TASK TO COMPLETE: The lines to retype run from the one containing "Der Top Schools" through the end of the listing below. Reproduce them exactly, leaving out pictures.

COLLECTED MATERIAL:
--------------------------------
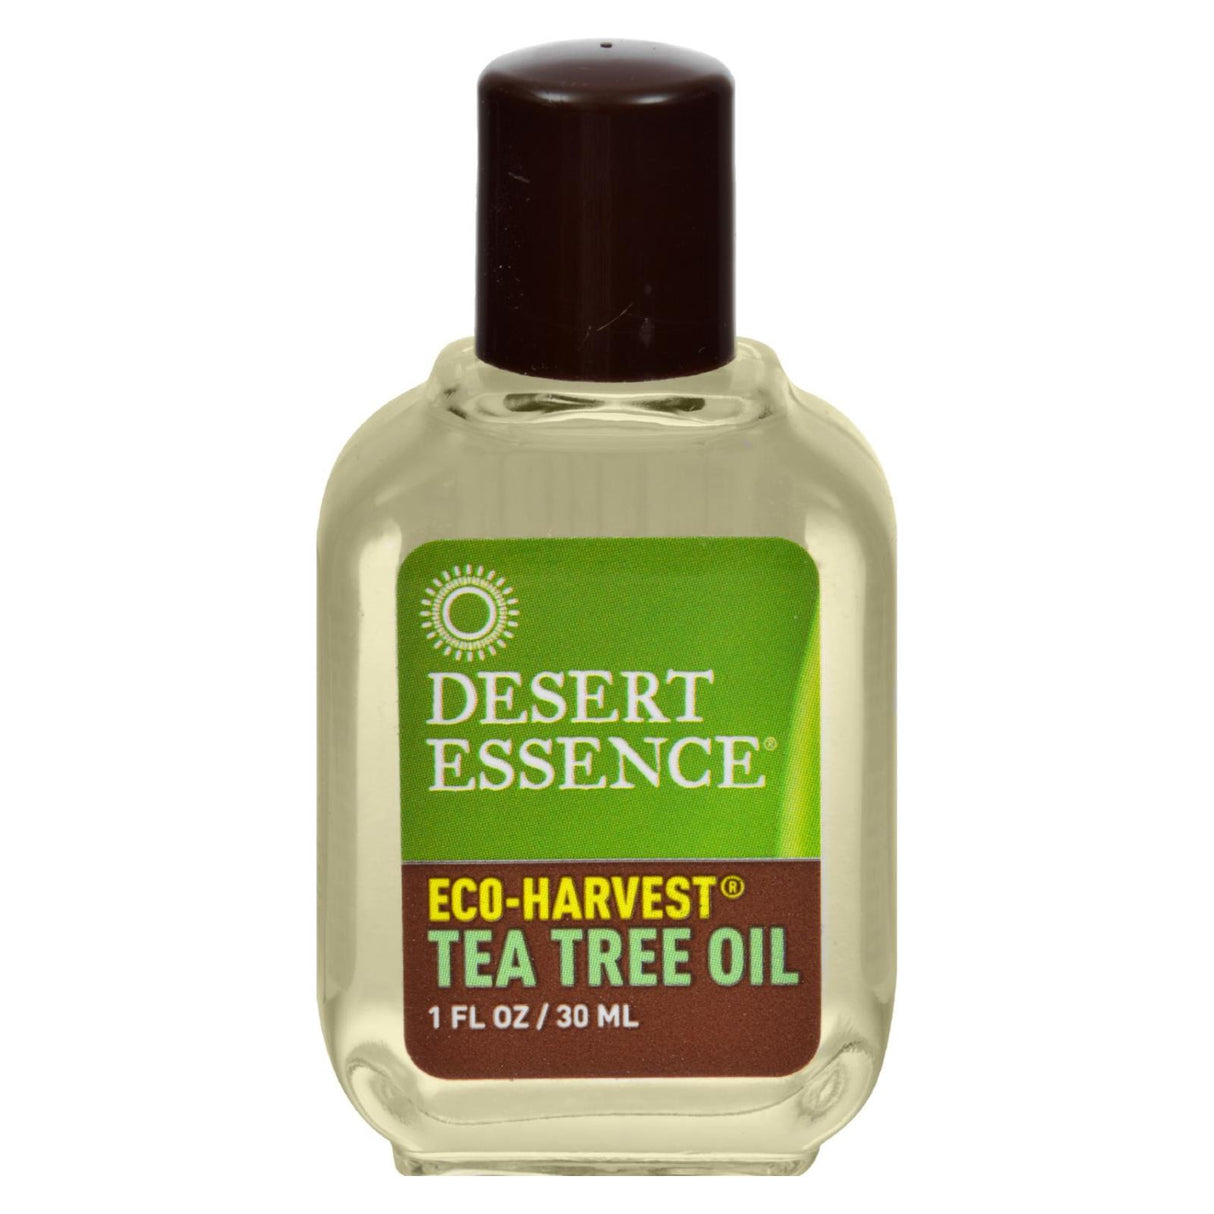 Desert Essence Tea Tree Oil, 1 Fl Oz - Cozy Farm 
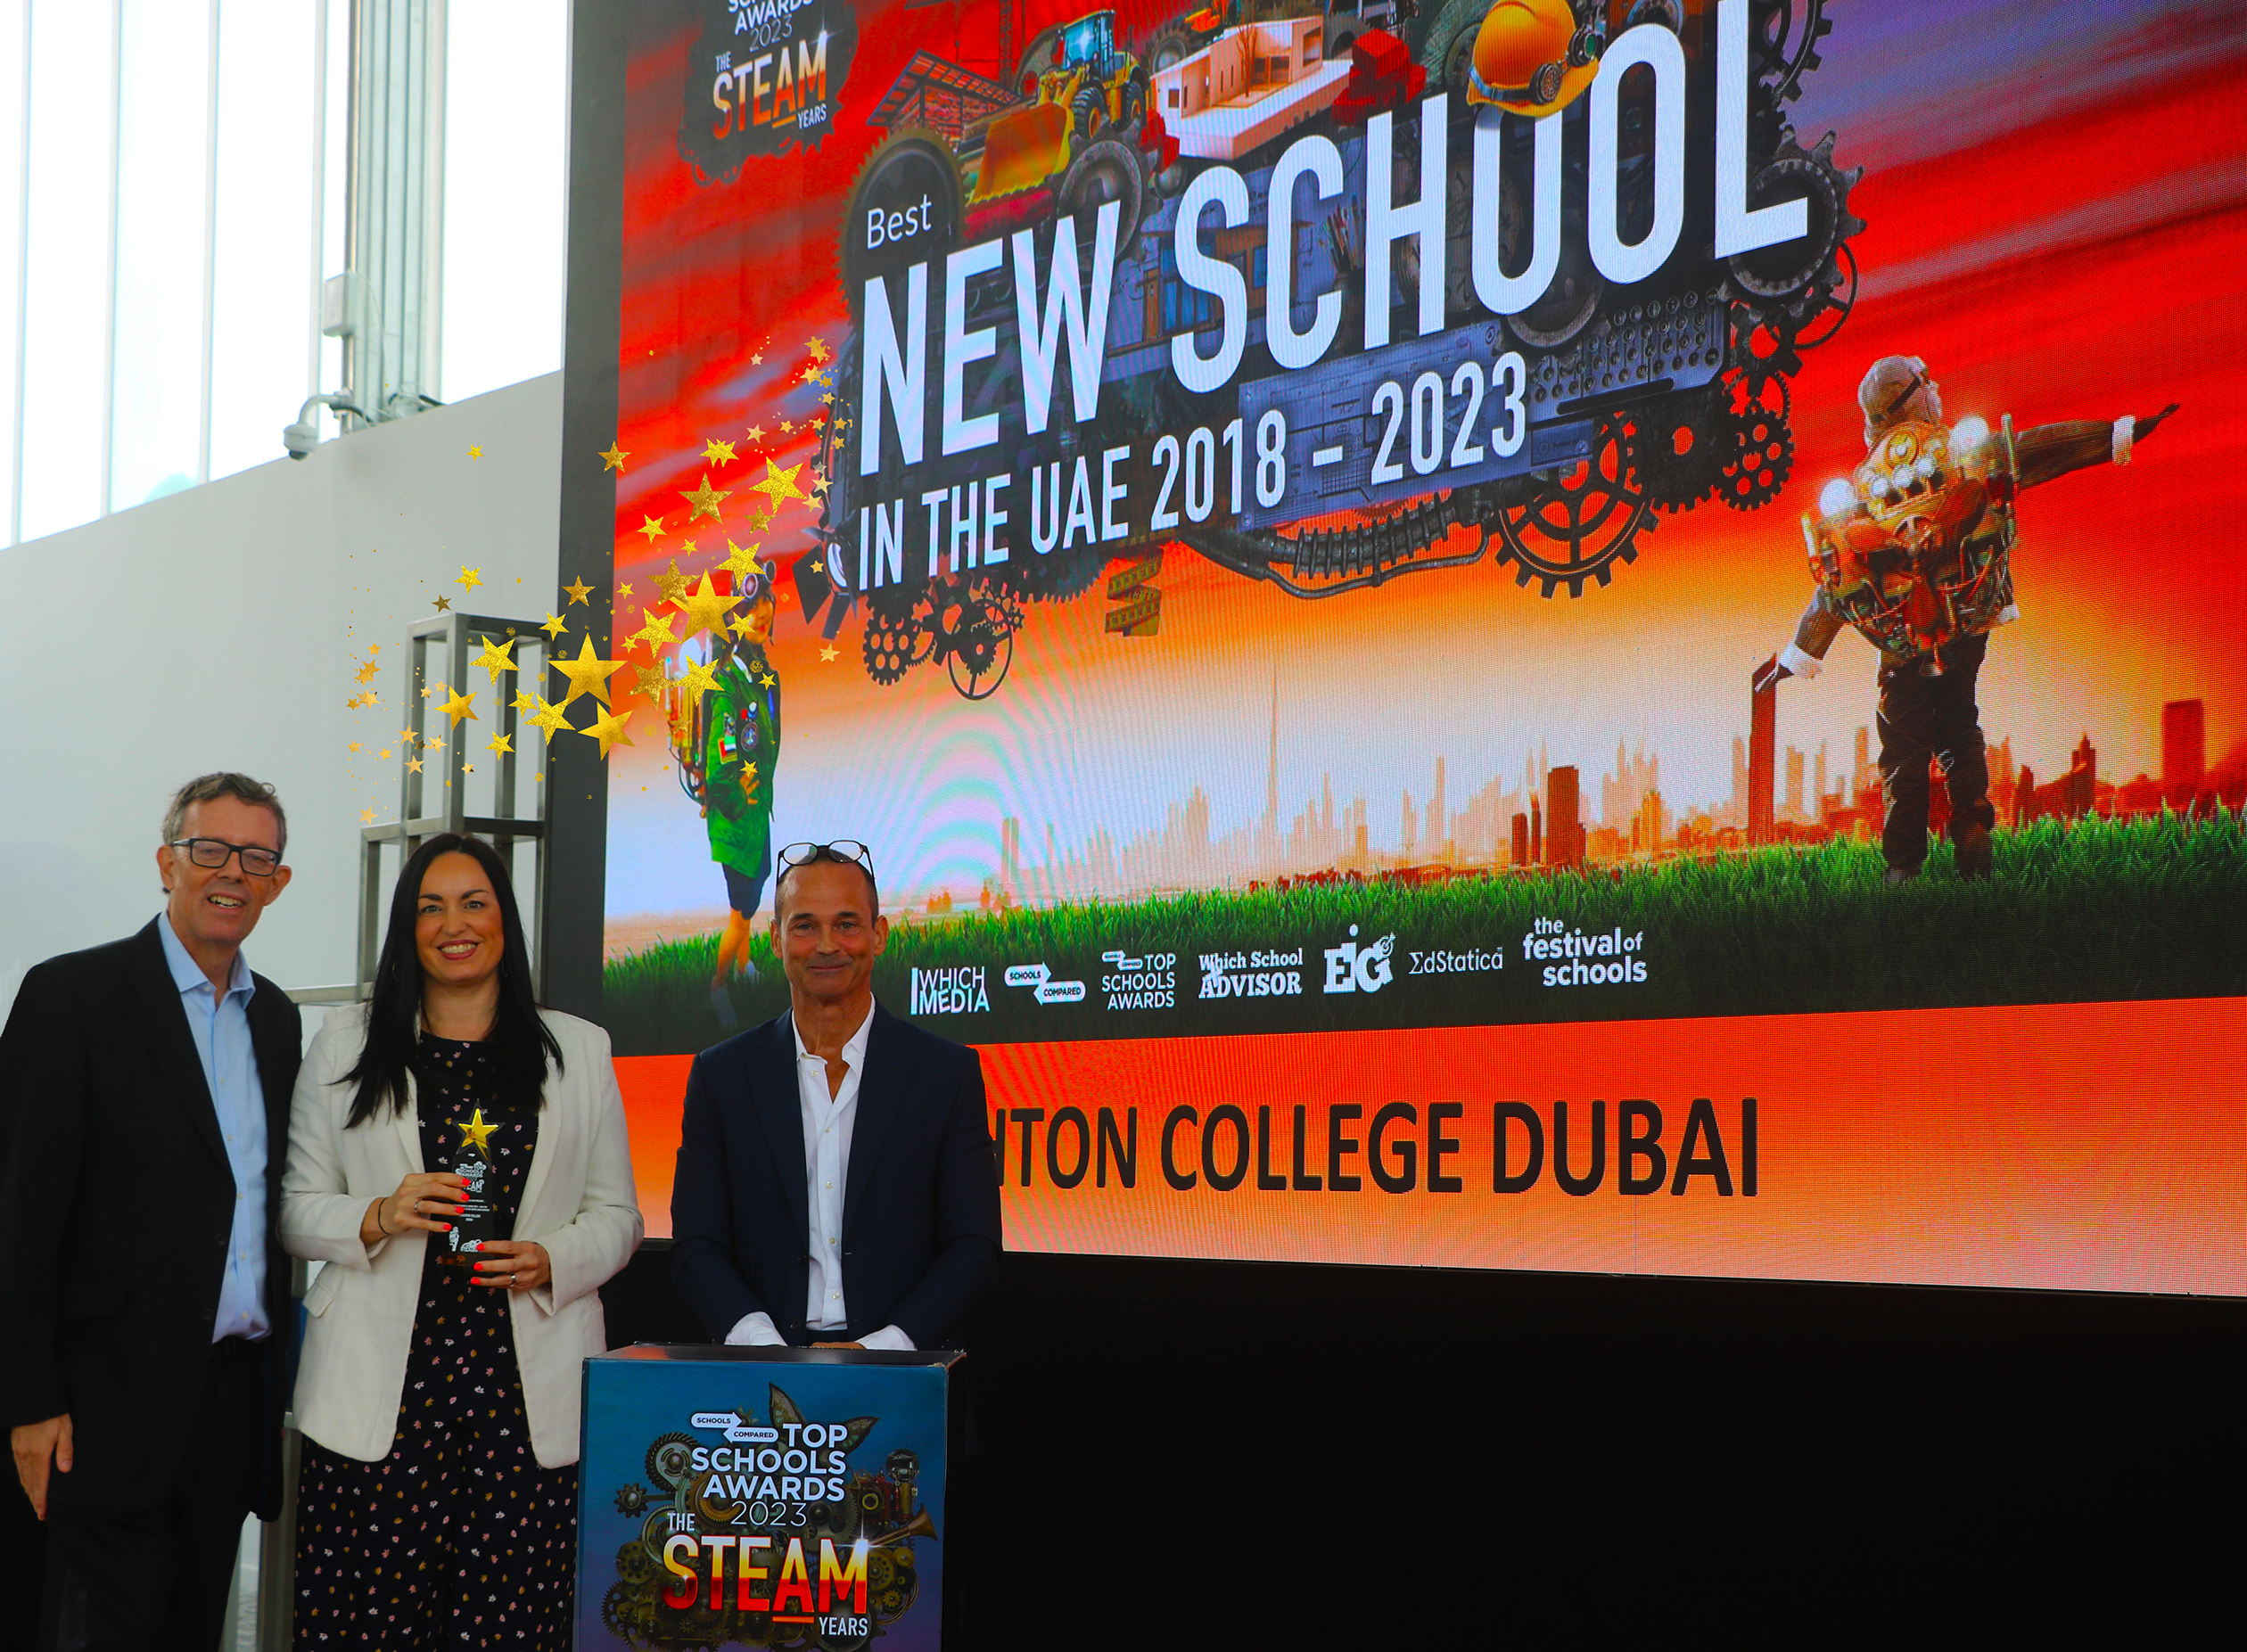 Der Top Schools Award für die beste neue Schule in den VAE wurde an Brighton Collage Dubai verliehen
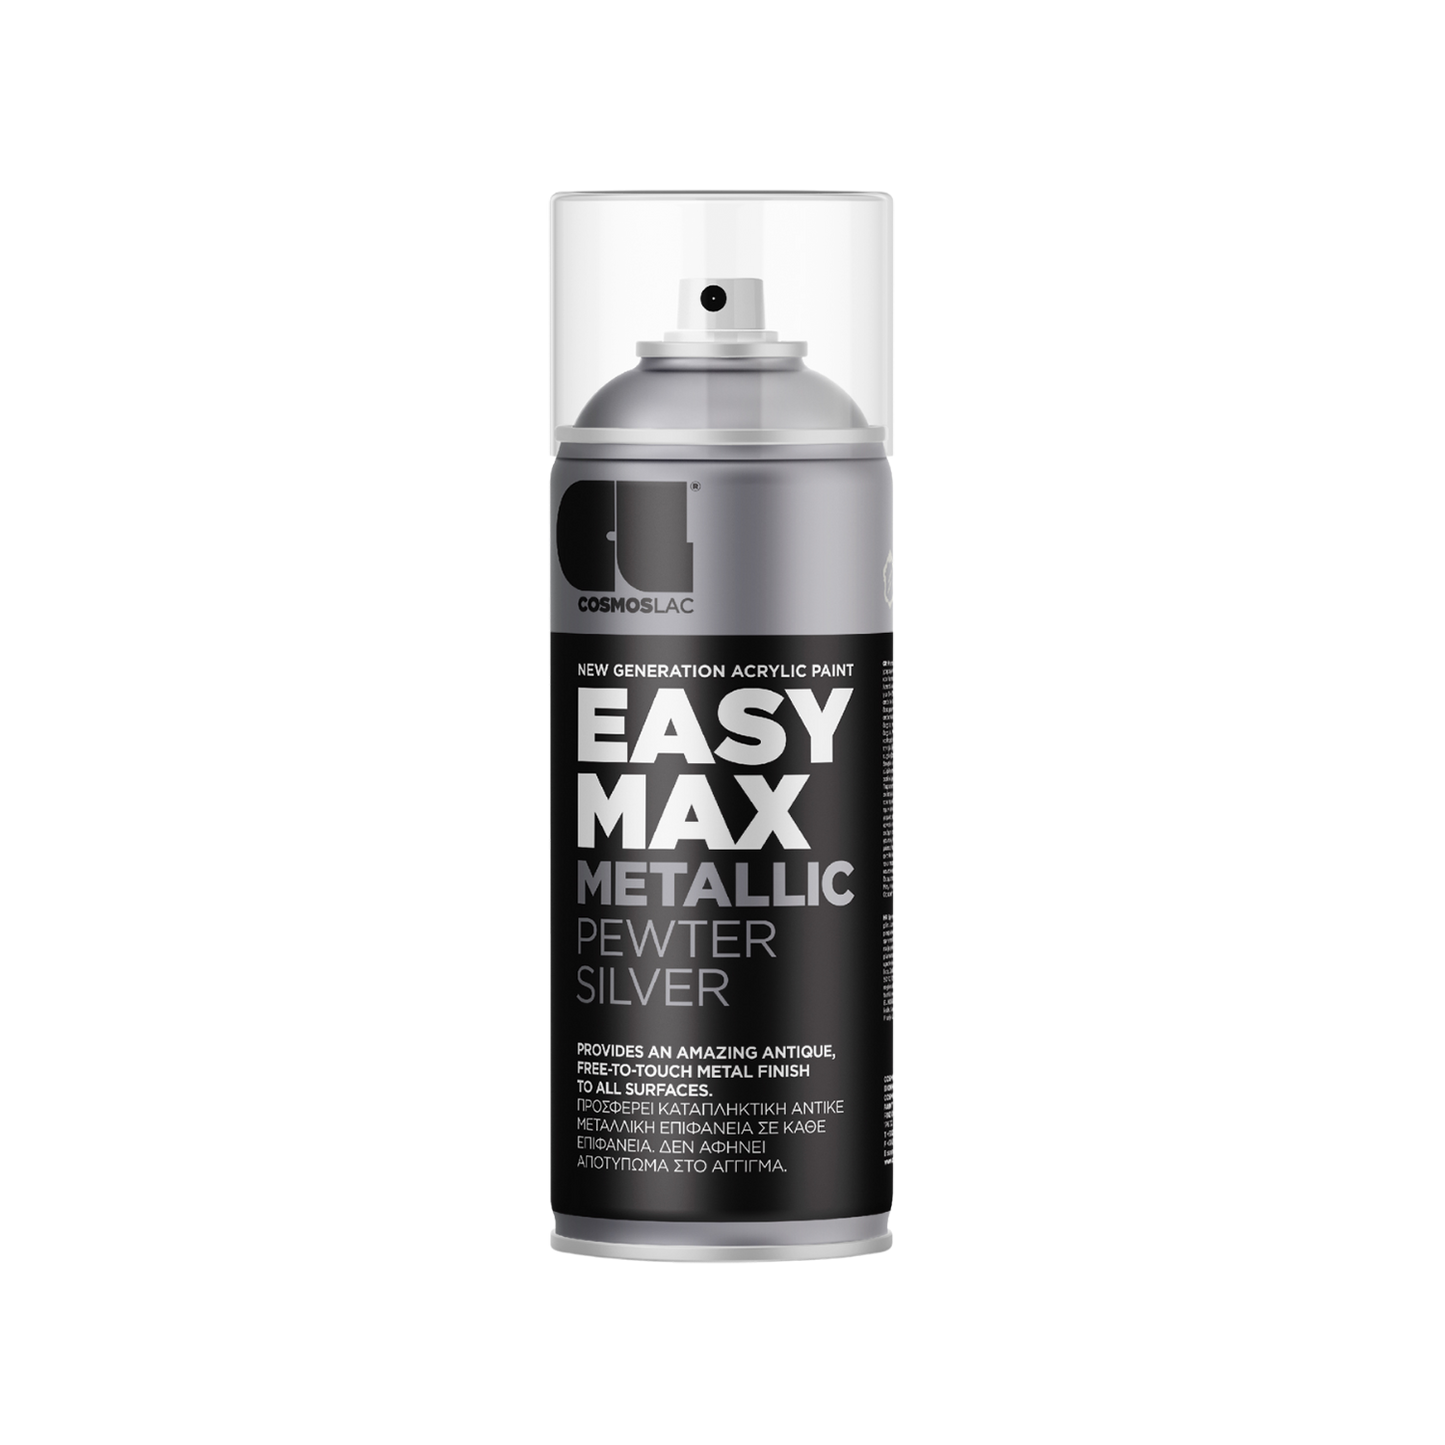 COSMOS LAC EASY MAX Premium Acryllack Sprühlack zum Upcycling und DIY Projekten von Möbeln und Dekoobjekten Schwarz silberne Sprühflasche
--------------------------------
REPLY:
 Der Top Schools Award für die beste neue Schule in den VAE wurde an Brighton Collage Dubai verliehen
 COSMOS LAC EASY MAX Premium Acryllack Sprühlack zum Upcycling und DIY Projekten von Möbeln und Dekoobjekten Schwarz silberne Sprühflasche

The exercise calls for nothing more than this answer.